Not because "he was depressed." Not because "he was crazy." Not because he was influenced by religion. Not because "he fell in with the wrong crowd."
And certainly not because he hadn't gotten laid in 20 years.
He killed and injured women because he was a man who was poisoned with entitlement to women's bodies. Because women wouldn't "give up the pussy" for him, he hated them and planned for a long time to kill them.
Sodini is a case of Nice Guy™ Syndrome gone right off the deep end. If you're unfamiliar with the term "Nice Guy™", capitalized and with a trademark, it describes the sort of man who seems to think that he's owed the attentions of conventionally attractive women because he meets baseline levels of decent behavior, such as not beating or raping women. He doesn't consider that maybe he needs to develop a personality, or attend to his hygiene, or perhaps not radiating sheer loathing of himself and of women in a creepy way.
They're fond of saying how "girls always go for the jerks." Sure, some women do date awful men. But, sometimes, those "jerks" aren't really jerks. They're just more self-confident than the Nice Guys™.
The flip side is that, quite often, Nice Guys™ have female friends who'd be more than willing to date them. But the Nice Guys™ don't notice them as sexual beings, because they're not "hot" enough.
Now, I normally have sympathy for the socially awkward. I myself am socially awkward, possibly with undiagnosed Asperger's (no insurance at the moment). In fact, in my early adulthood, I went without sex for years at a time, because I was too depressed, anxious, and self-hating to even begin conversations most of the time.
Oh, and I was fat. As I still am.
So how come women like me — and there are a lot of us — don't pick up guns and kill the men who deny us the cock?

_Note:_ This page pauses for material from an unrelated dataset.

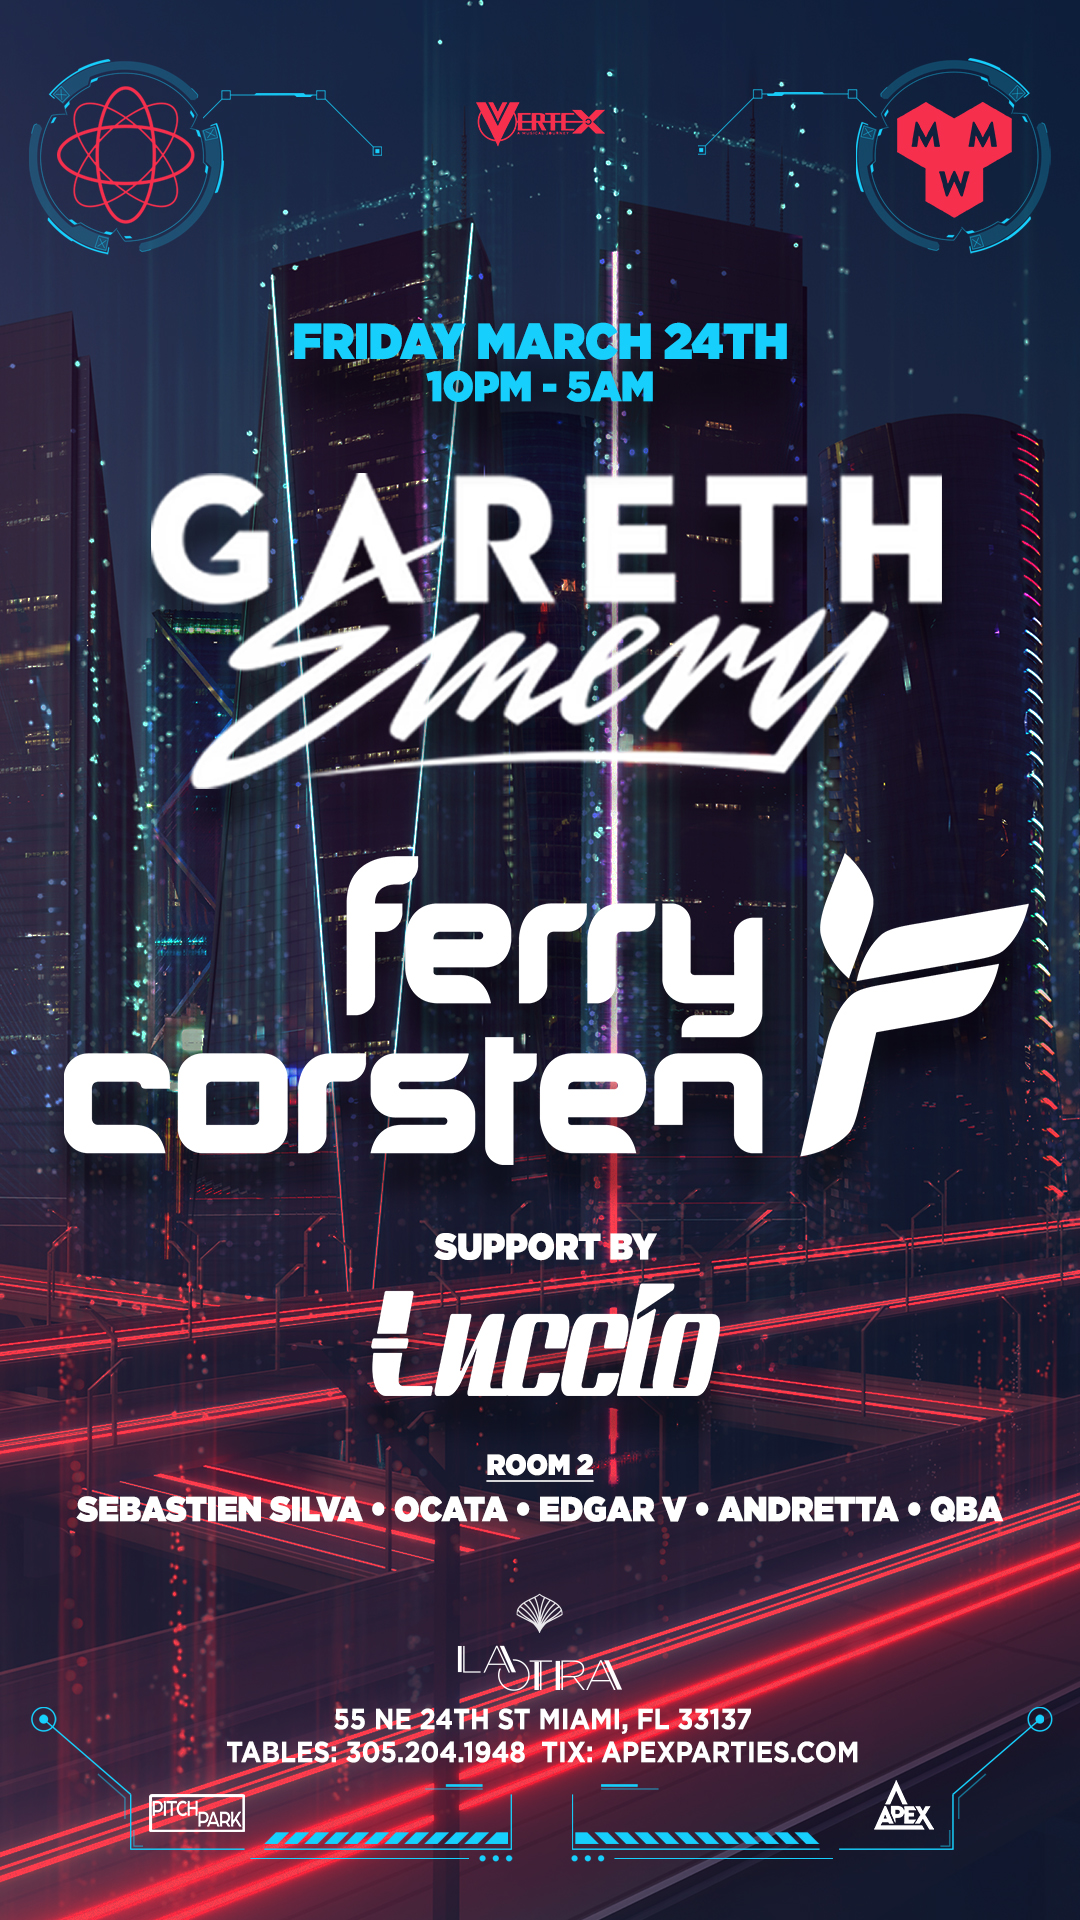 Gareth Emery & Ferry Corsten at Miami Music Week - Página trasera

Because society doesn't teach women that we have a "right" to sex, the way it does men. It teaches us that if we can't get laid, we're "unfuckable." We need to diet, to slather on makeup, to do our hair better, to wear prettier clothes, to be sweeter and more submissive.

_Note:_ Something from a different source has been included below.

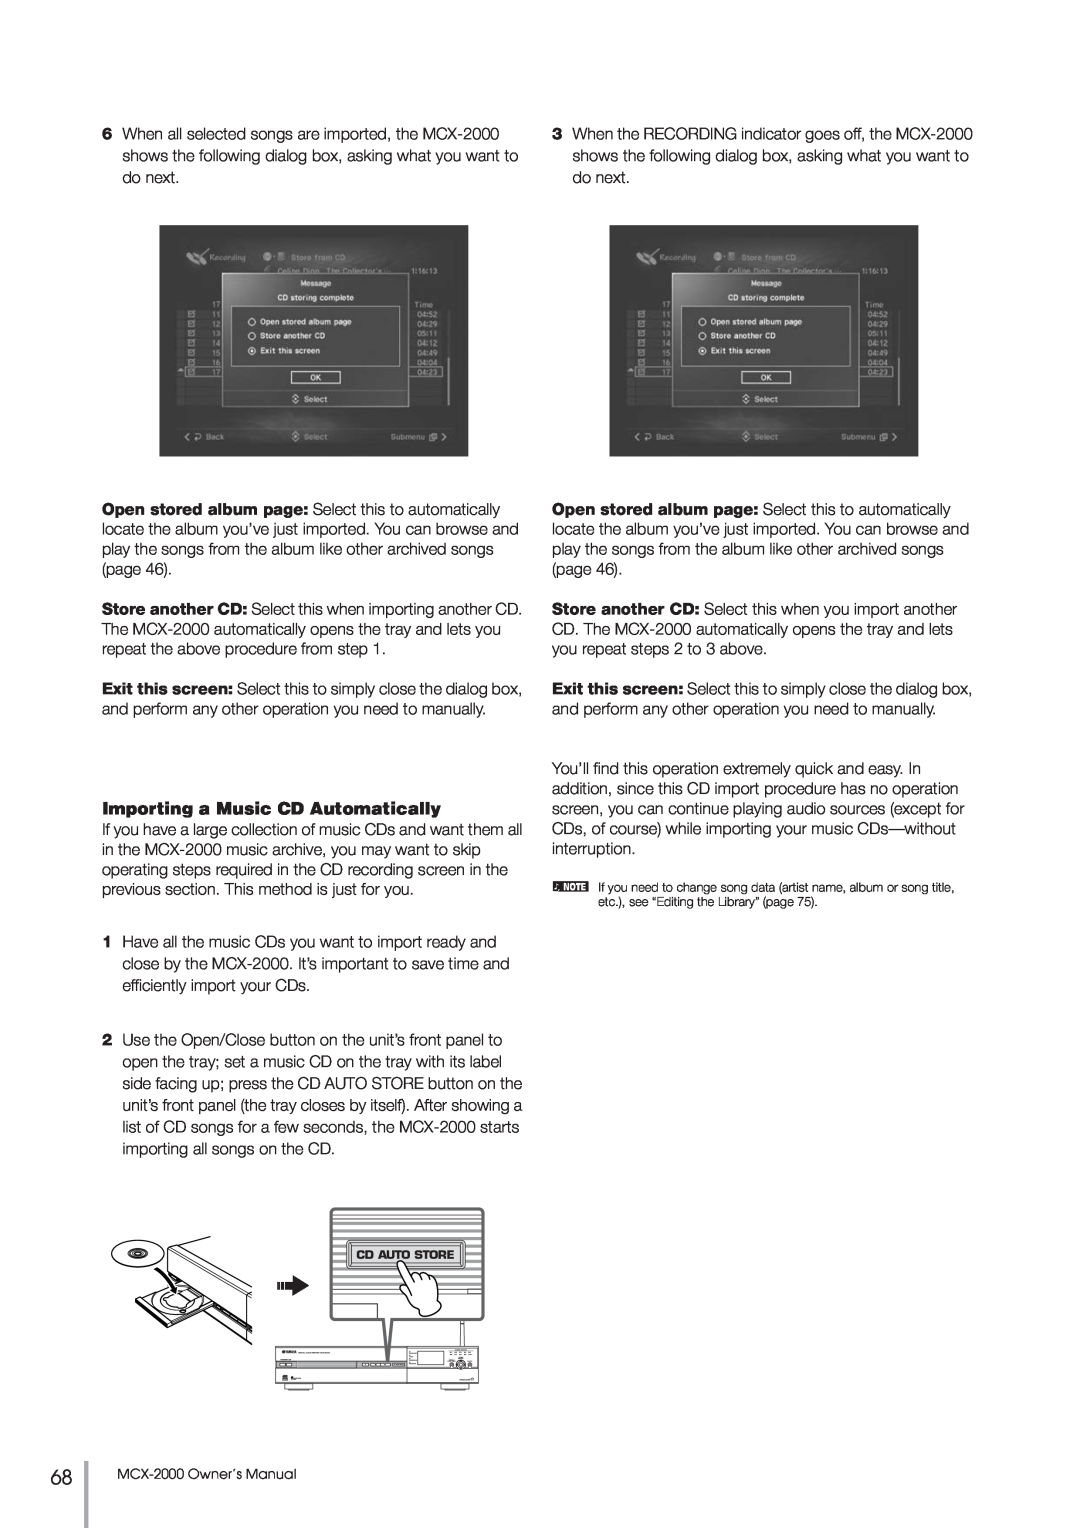 Yamaha MCX-2000 setup guide Importing a Music CD Automatically, Cd Auto Store

And it doesn't say to our male friends, "Hey, why don't you date her? She's really nice! Give her a chance! Don't be so picky!"
I have absolutely no sympathy for Sodini. None.
If that makes me cold-hearted, a hardass, a bitch, so be it. I'm used to being called a "bitch" for pointing out the seemingly endless entitlement of so many men, the ones who come into feminist blogs and diaries and so forth and scream "WAHT ABOUT THE MENZ???" any time the discussion is focused off their selves, who scream "OMG MANHATER!!" any time we simply stop kissing their asses and address societally embedded injustices against women.
Sodini is not some outlier, some oddity, some oddball. He is the extreme end of the spectrum that begins with dehumanizing comments, progresses to sexual harassment, then to rape and domestic violence. But — just as with the Marc Lepine case, just as with the Amish schoolgirl case, so many, especially in the media, are desperate to see the cause as something other than misogyny, and to "other" Sodini into someone who is anything like ordinary men.
Society is absolutely, positively saturated with contempt and hatred for women. Those who claim that feminists "look for things to get angry about" have no clue that we have to look for things to ignore. Because once your eyes are opened, once you "take the red pill," you cannot stop seeing this shit everywhere.
Cannot stop realizing how many men truly, viciously hate you and consider you inhuman because your genitals differ from theirs. And because you actually dare to have standards about which men will have access to them.